A key challenge was ensuring the system could handle zip files as large as 100GB. To address this, we developed a production-level system in Go capable of automatically extracting 100GB zip/7z files uploaded to GCS.

This Post outlines the technology behind our solution.

Background

PLATEAU VIEW screen
PLATEAU VIEW screen

Project PLATEAU, led by Japan's Ministry of Land, Infrastructure, Transport and Tourism (MLIT), aims to create open data 3D city models nationwide. As part of this initiative, Eukarya developed and operates PLATEAU VIEW, which includes:

  1. Data visualization capabilities
  2. A cloud-based data management platform (CMS) that:
    • Aggregates data from over 200 municipalities and 5+ companies
    • Enables end-to-end data processing (quality inspection, conversion, publication)

Key features:

  • Uses Re:Earth CMS, developed by Eukarya with a Go backend
  • Allows users to upload CityGML data adhering to PLATEAU specifications
  • Handles large files (several to tens of gigabytes) with complex folder structures
  • Requires uploading compressed zip/7z files
  • Extracts files on the cloud and places them on Google Cloud Storage (GCS) for public distribution

To meet these requirements, we developed a system capable of extracting large zip/7z files in the cloud environment.

Initial Architecture

Initially, the implementation was simple: after uploading an archive file from a web browser via an API (running on Cloud Run) to GCS, a worker (also on Cloud Run) would extract the archive file entirely into memory and upload the extracted files to GCS in parallel.

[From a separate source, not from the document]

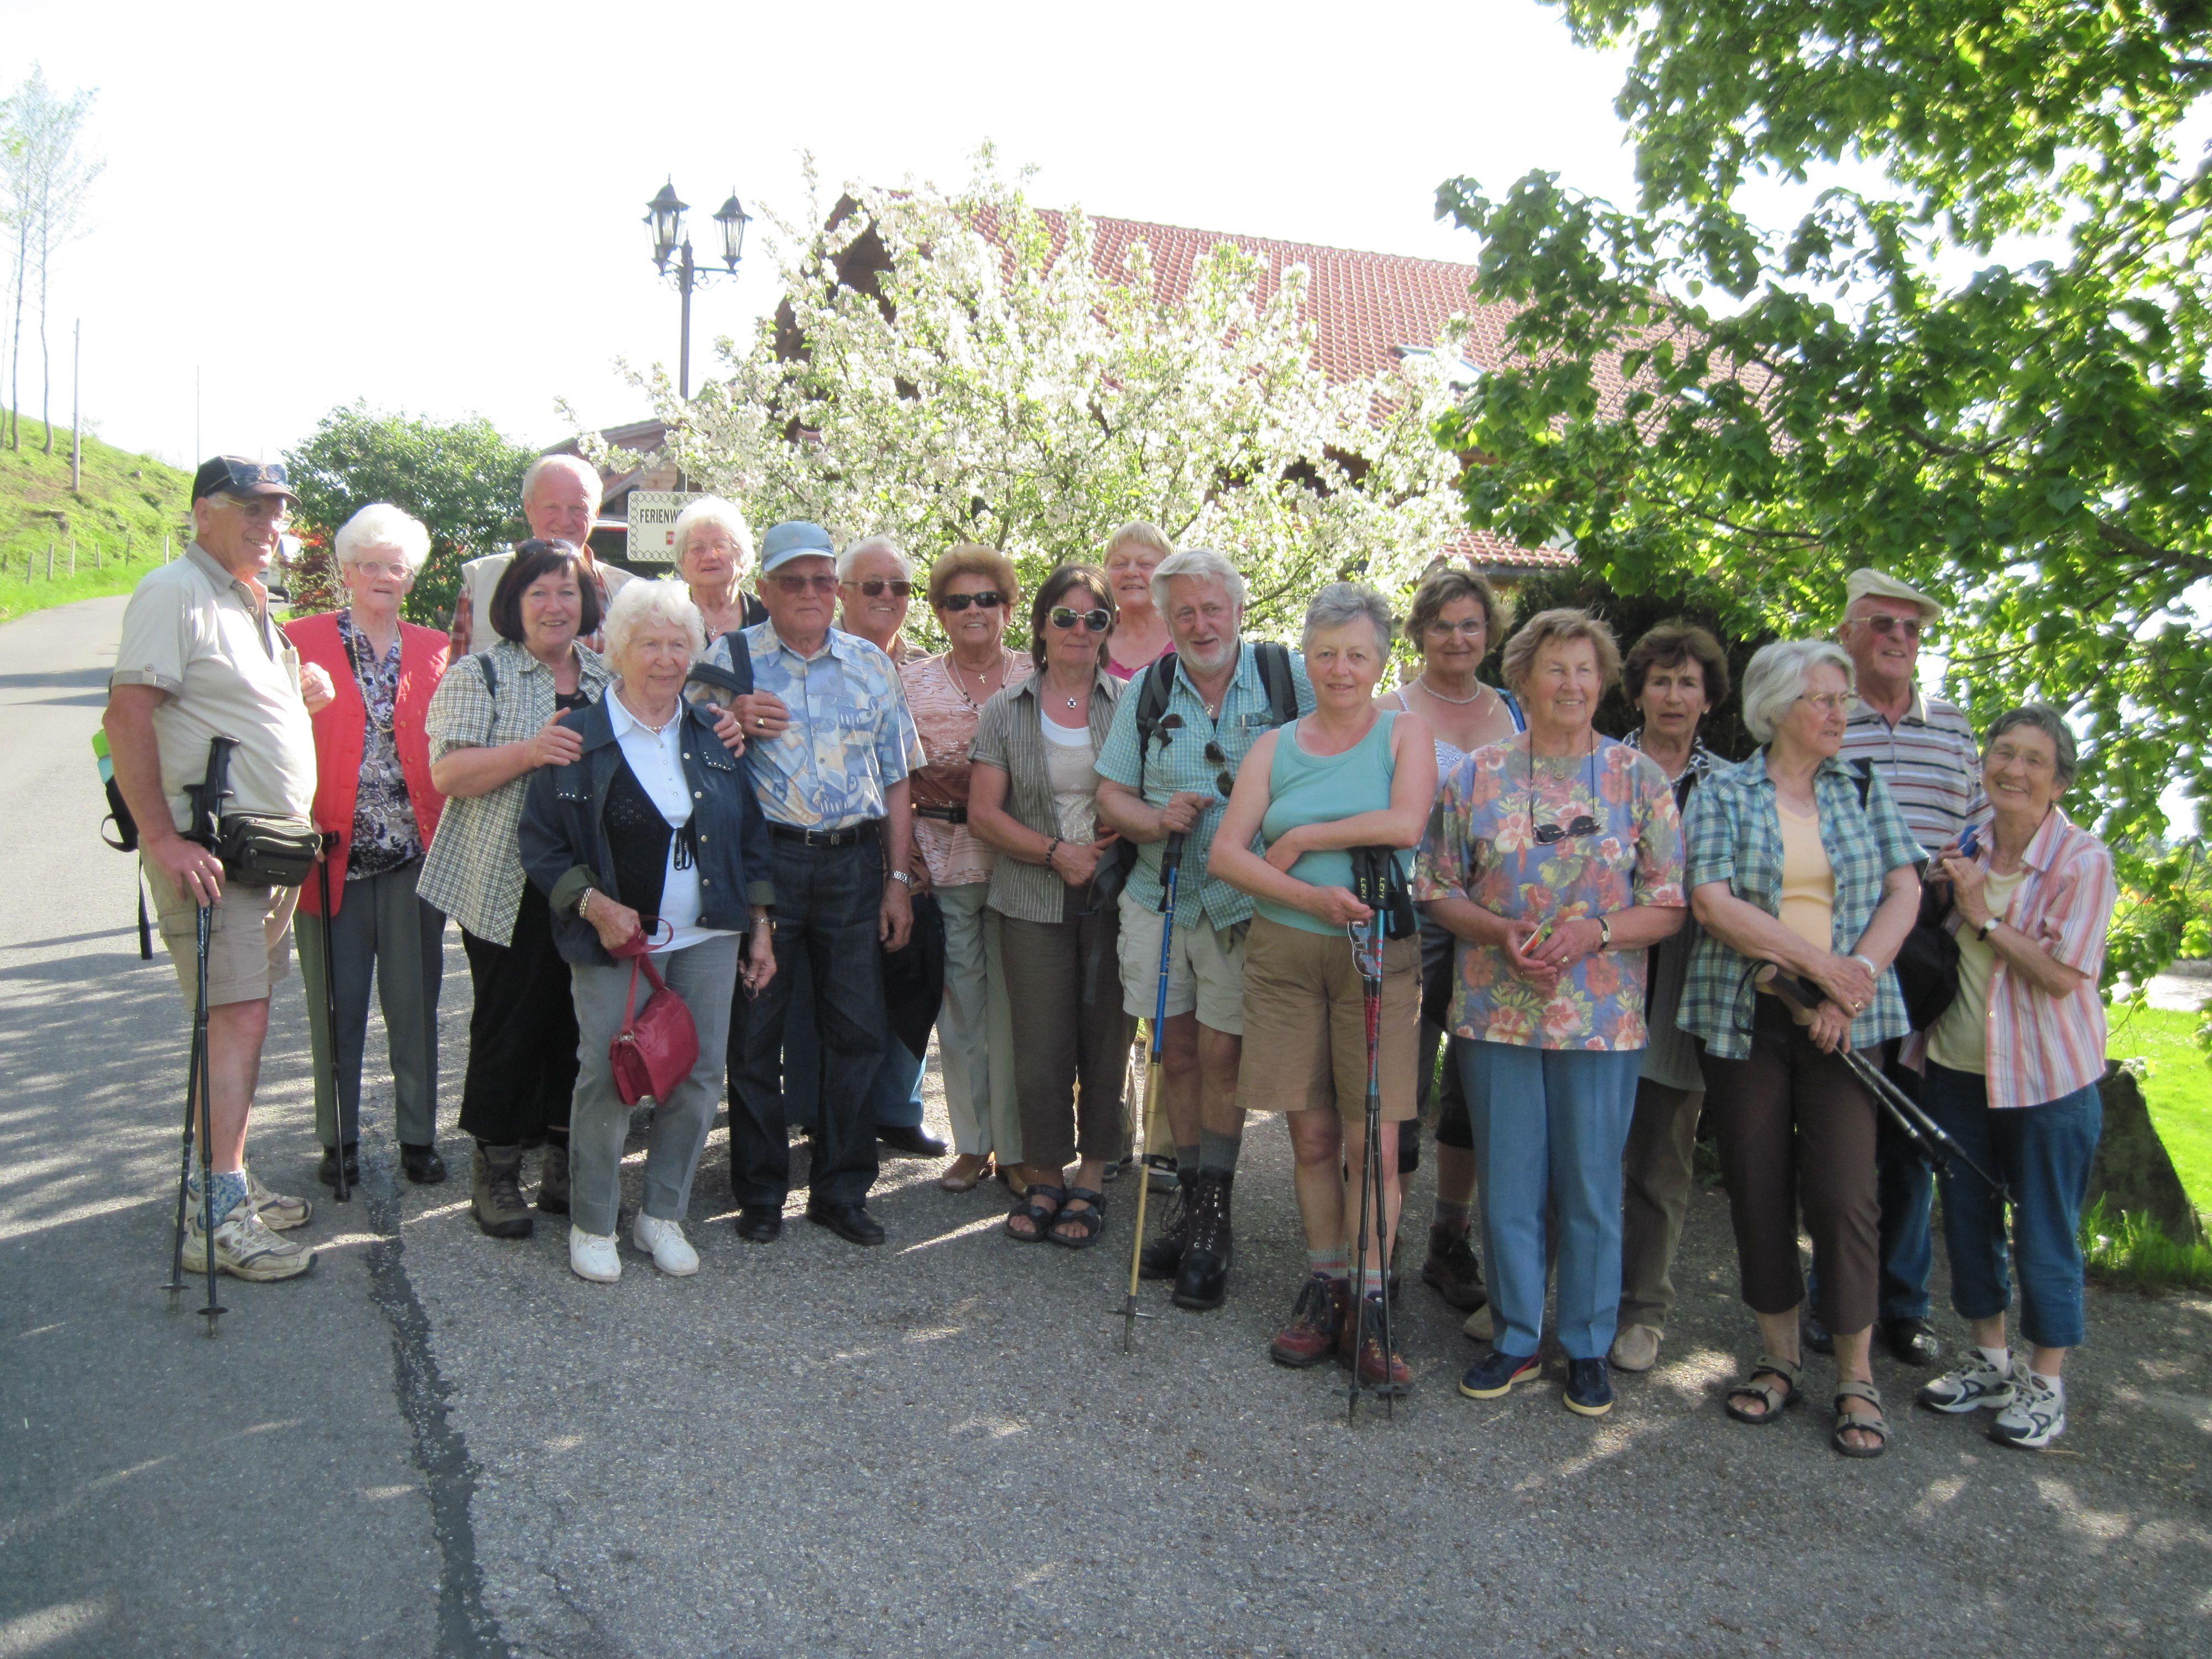 PVÖ-Hörbranz: Mitglieder erlebten tollen Ausflug

This setup had the following issues, failing to meet the requirements:

  • The zip file was too large, causing timeouts during the upload to the Cloud Run API server.
  • The zip file was too large, leading to insufficient memory in the worker (Go requires loading the entire zip file into memory as io.ReaderAt for extraction).
  • The zip file was too large, resulting in very long processing times and subsequent timeouts (sometimes taking tens of hours).

Initial Architecture Limitations:

  • Could only handle zip files up to 4GB

Improvement Goal:

  • We set "being able to extract 10GB zip files" as our first milestone for system enhancement.

Direct Upload from Web Browser to GCS

Changed so that archive files can be uploaded directly from the front end to the GCS
Changed so that archive files can be uploaded directly from the front end to the GCS

The first step was to change the system so that the frontend would no longer upload archive files directly to the API server but instead use signed URLs issued by GCS, allowing direct upload from the web browser to GCS.

This change avoided Cloud Run timeouts and reduced unnecessary data transfers, enabling the upload of large archive files to GCS. However, the following issues remained:

  • Large memory requirements for the worker.
  • Long processing times for the worker.

Making the Extraction Process Resumable

Allow workers to resume the deployment process even if it is interrupted in the middle of the process
Allow workers to resume the deployment process even if it is interrupted in the middle of the process

Next, to avoid timeouts during extraction, we made the process resumable even if interrupted. By writing metadata on GCS indicating the progress, the extraction process can be resumed. To simplify the information on progress, we serialized the extraction process.

We relied on Cloud Pub/Sub retry capabilities to handle the resumable process, allowing us to extract 10GB zip files. However, this approach had the following issues:

  • Even when resuming, certain compression formats required full decompression, causing time-consuming seek operations.
  • Unpredictable behavior when running workers in parallel.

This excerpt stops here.